» **DATA BLOCK**
================================
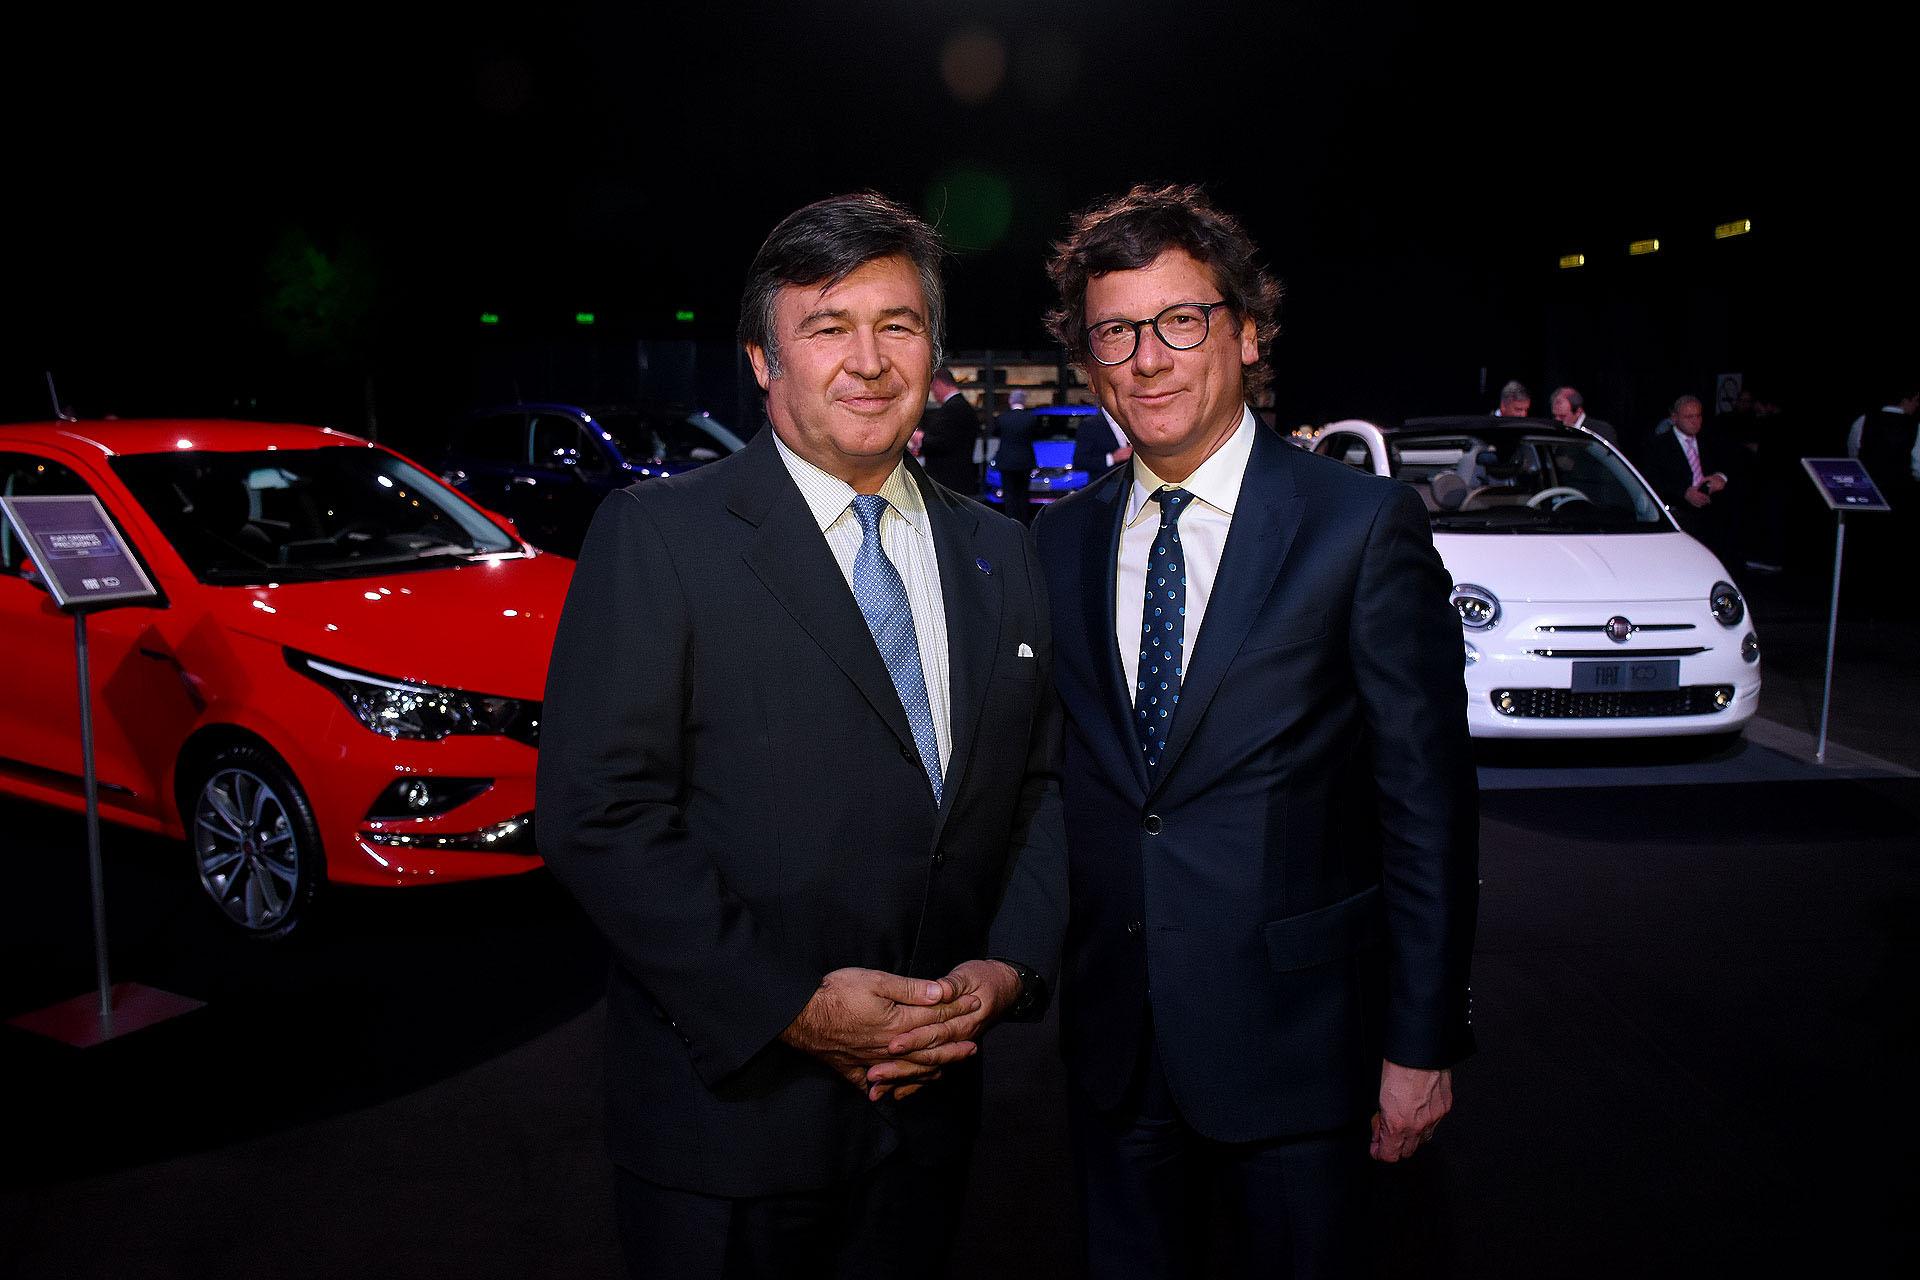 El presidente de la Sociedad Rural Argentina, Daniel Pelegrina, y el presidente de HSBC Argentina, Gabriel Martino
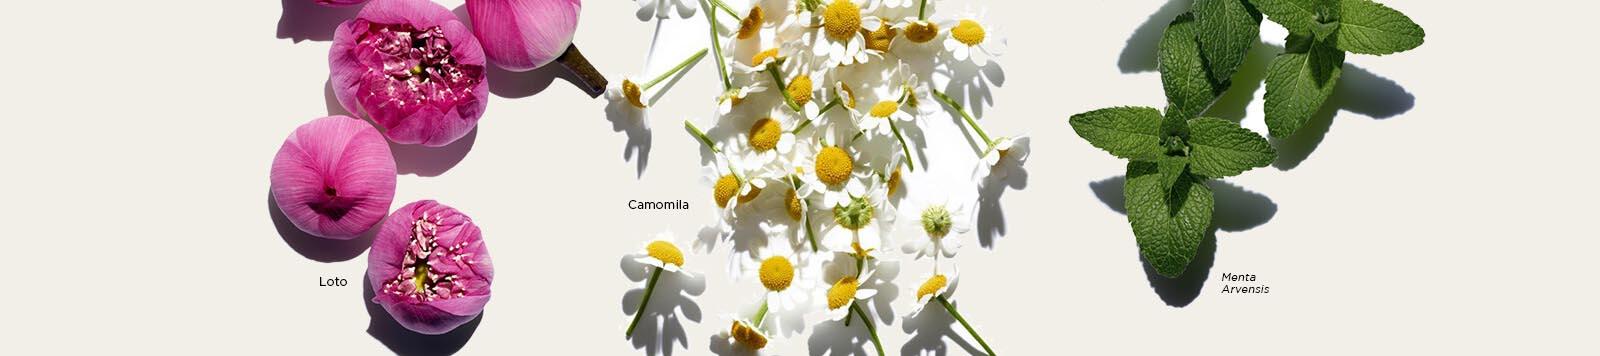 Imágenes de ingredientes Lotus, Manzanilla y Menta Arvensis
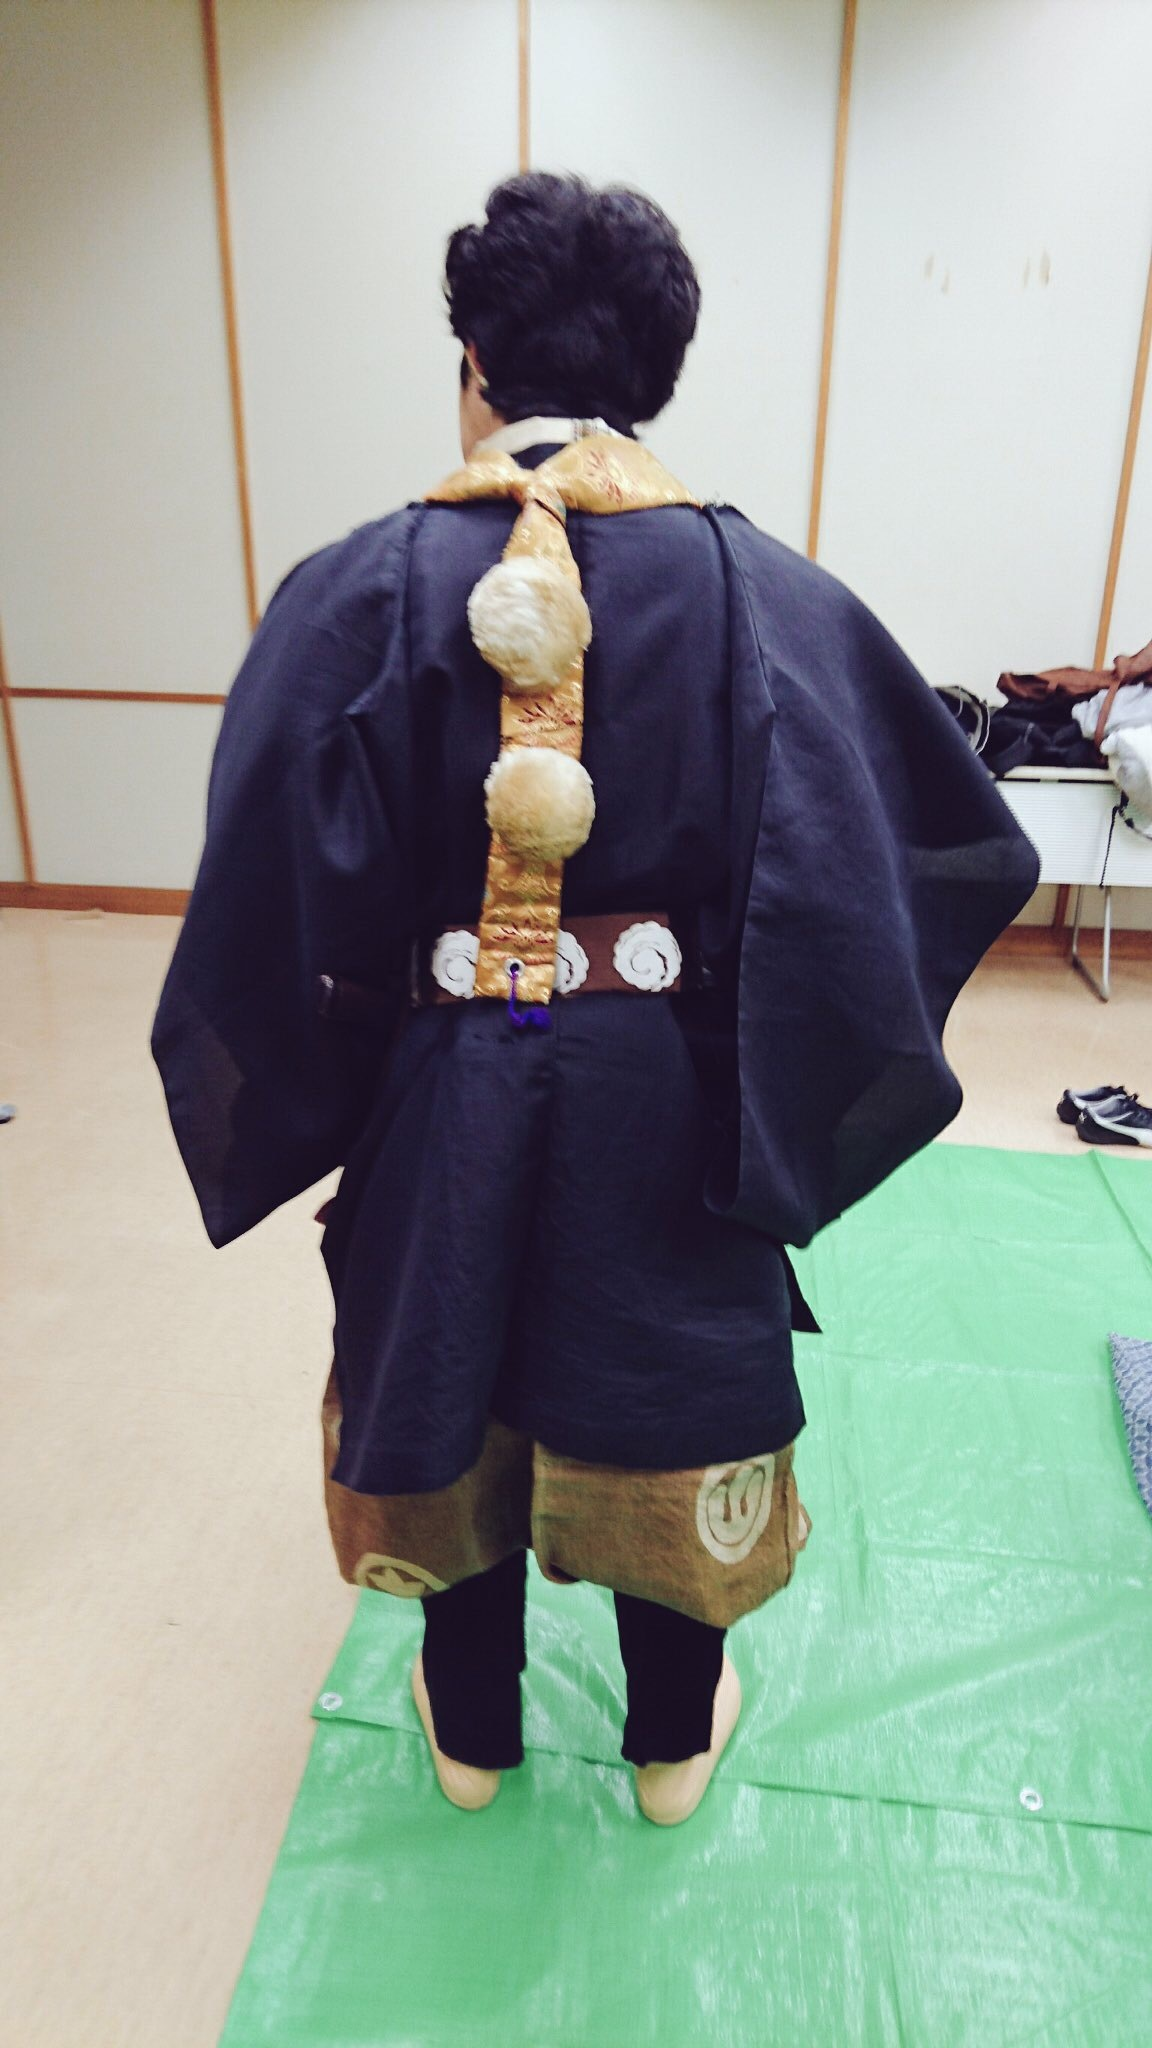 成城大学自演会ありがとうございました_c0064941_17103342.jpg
================================
» **REQUIRED WORK**
Write the lines above out again exactly, without any of their pictures.

» **EXERCISE OUTPUT**
 El presidente de la Sociedad Rural Argentina, Daniel Pelegrina, y el presidente de HSBC Argentina, Gabriel Martino
 Imágenes de ingredientes Lotus, Manzanilla y Menta Arvensis
 成城大学自演会ありがとうございました_c0064941_17103342.jpg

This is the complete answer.